In my current project, I have a dataset that describes what combination of projects and zips that a specific customer wants business. The dataset has three fields: Customer, Zip(List), Project(list).    Zip and Project contain comma-separated lists in their fields, which is not in a friendly format.  To do analysis in QlikView, I need to get each project and zip combination for each customer onto separate records.  Fortunately, SubField does all the heavy lifting for me.

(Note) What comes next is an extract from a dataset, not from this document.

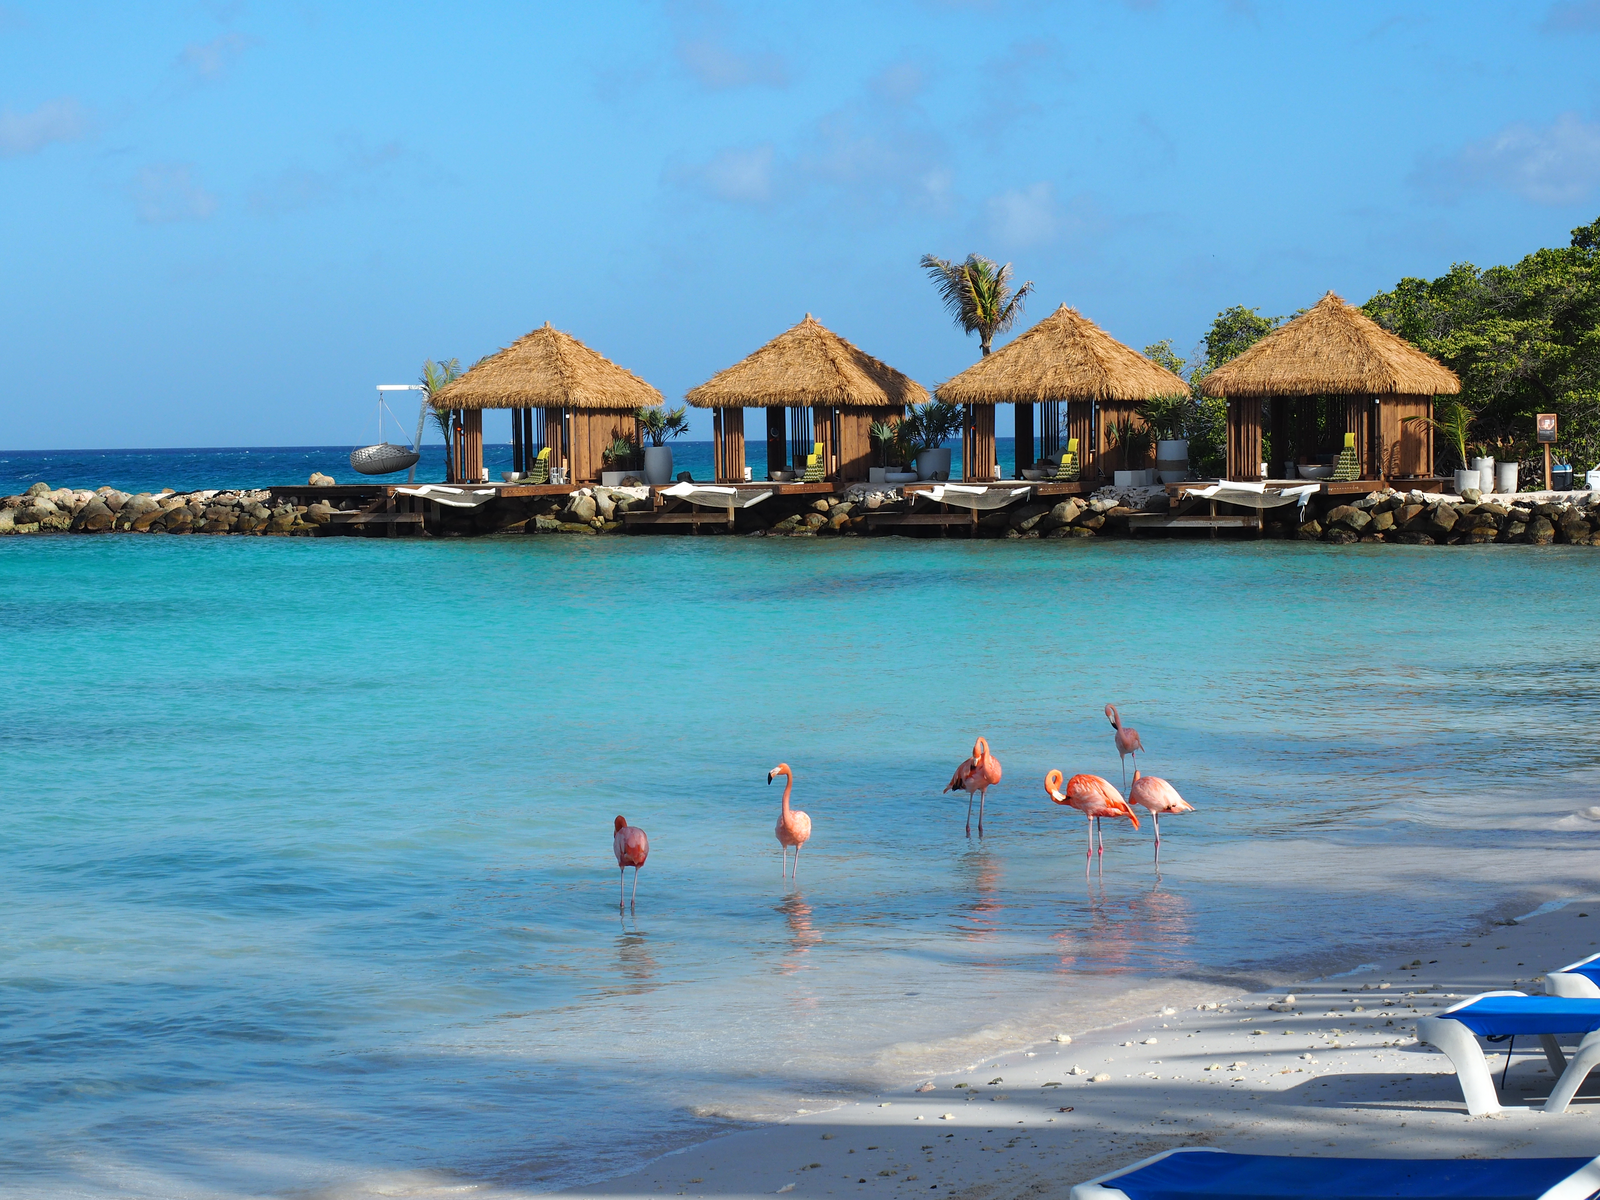 Six Flamingos walking on the calm waters of Renaissance Beach with its native-roofed cottages and a hammock, one of the best beaches in Aruba

In the following example, the fields are separated by a semicolon.  Within the zip and project fileds, you can see the comma separated lists.

customer;zip;project

338;87124,87125;1,2

338;87124;1,3

339;87124,87129;1,2,3

339;94903;1

338;87124;1,3

Loading this into QlikView without SubField:

LOAD
customer,
zip,
project
FROM
test.txt
(
txt, codepage is 1252, embedded labels, delimiter is ';', msq);

I get the following unusable table.:

customerzipproject
33887124,871251,2
338871241,3
33987124,871291,2,3
339949031
33887124,871251,3

However, incorporating the SubField() function to break out the zip and project fields:

LOAD
customer,
SubField(zip,',')         as zip,
Subfield(project,',')     as project
FROM
test.txt
(
txt, codepage is 1252, embedded labels, delimiter is ';', msq);

I get a Cartesian join containing every DISTINCT combination of zip and project for each customer:

customerzipproject
338871241
338871242
338871243
338871251
338871252
339871241
339871242
339871243
339871291
339871292
339871293
339949031

Even though I have repeated data in my input, my output contains only unique combinations.  I found this exceptionally useful. My production input dataset contained 78,000 lines.  After applying SubField to the LOAD statement on Project and Zip, my table resulted in 20 million unique records ready for analysis.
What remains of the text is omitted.